COLLECTED DATA -
=== Section Start ===

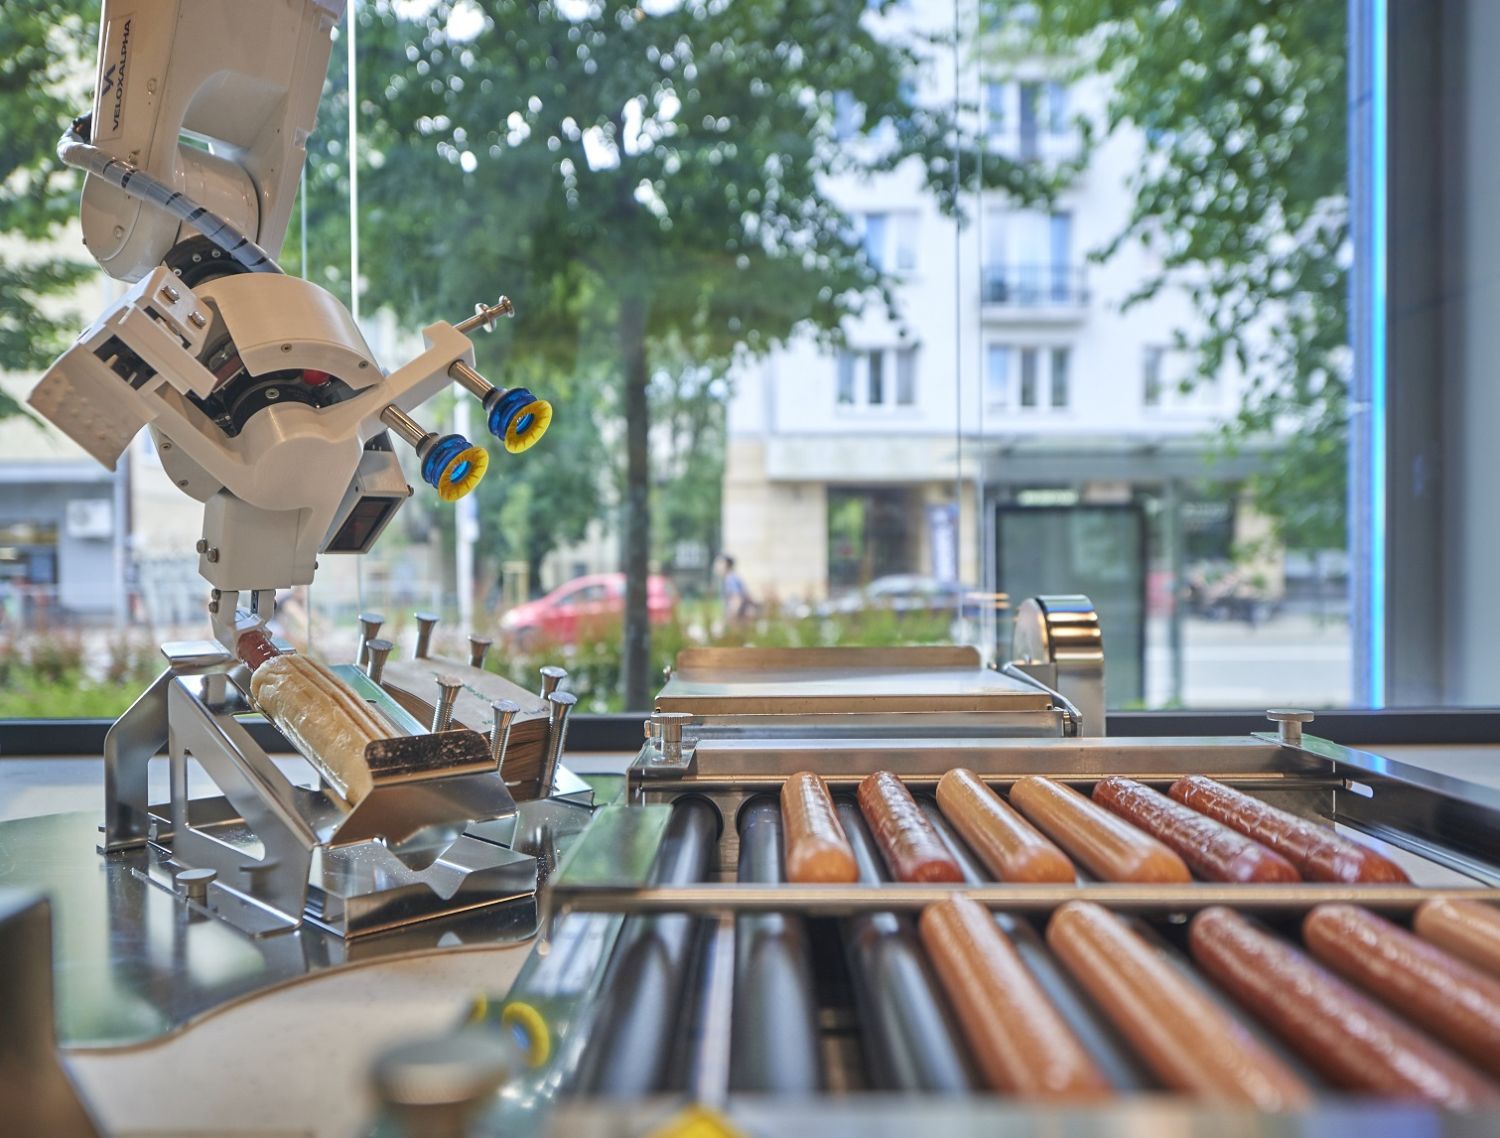 Фирменный хот-дог в автономном магазине Żabka Nano в Варшаве (Польша) готовит робот Robbie
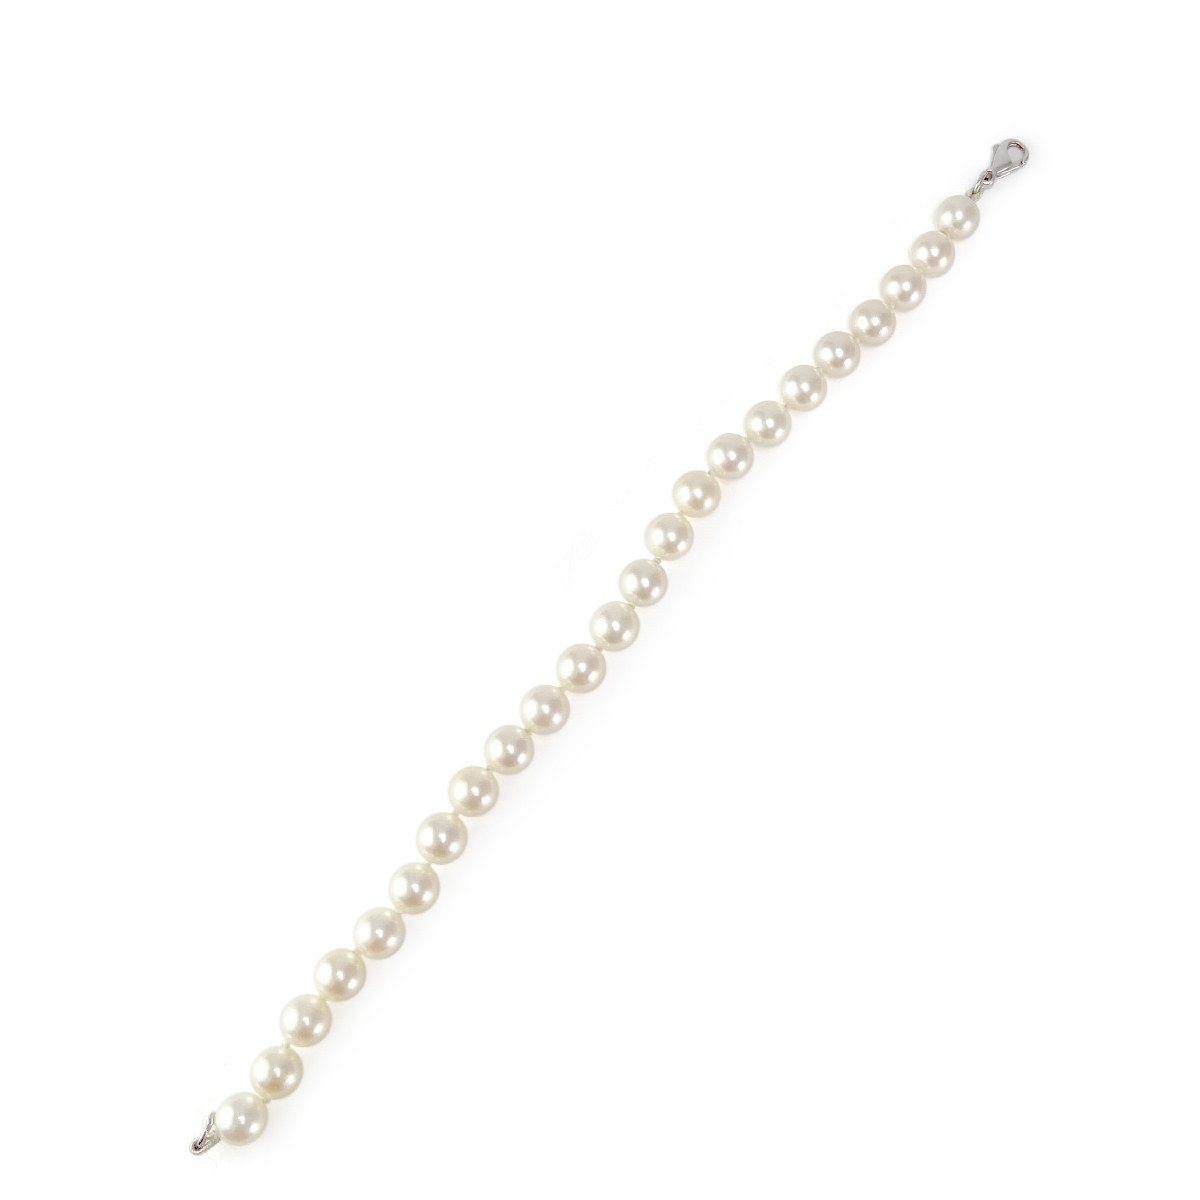 Bracelet d'occasion or 750 blanc perles de culture du japon 18 cm - vue 2
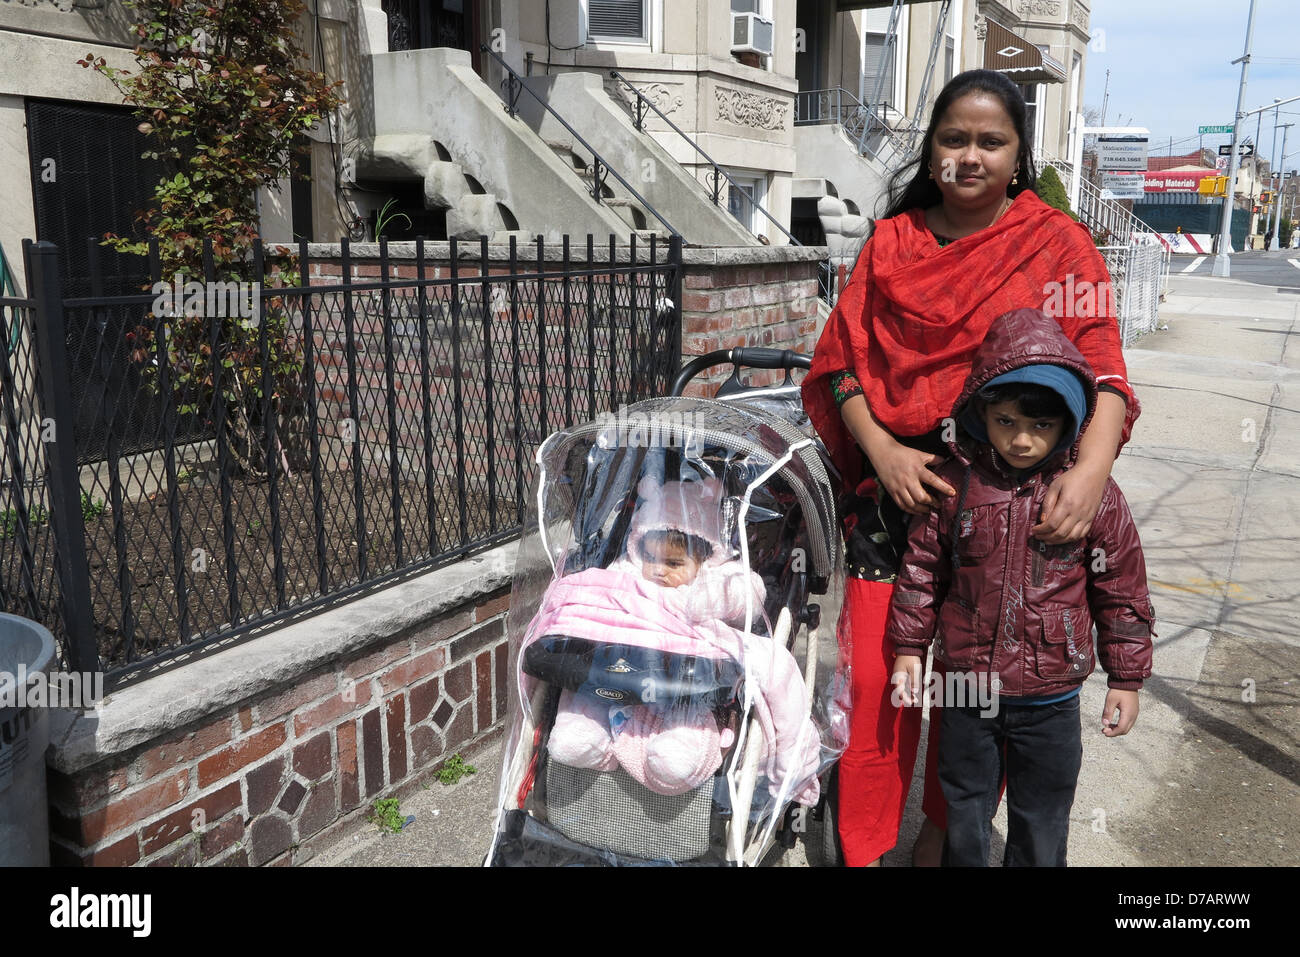 Bangladeshi-American madre y sus hijos, poco de Bangladesh, sección de Kensington, Brooklyn, NY, 2013. Foto de stock

=== Section End ===

YOUR GOAL -
Pictures aside, the material must be written out word for word.

RESULT FOR THIS TASK -
 Фирменный хот-дог в автономном магазине Żabka Nano в Варшаве (Польша) готовит робот Robbie
 Bracelet d'occasion or 750 blanc perles de culture du japon 18 cm - vue 2
 Bangladeshi-American madre y sus hijos, poco de Bangladesh, sección de Kensington, Brooklyn, NY, 2013. Foto de stock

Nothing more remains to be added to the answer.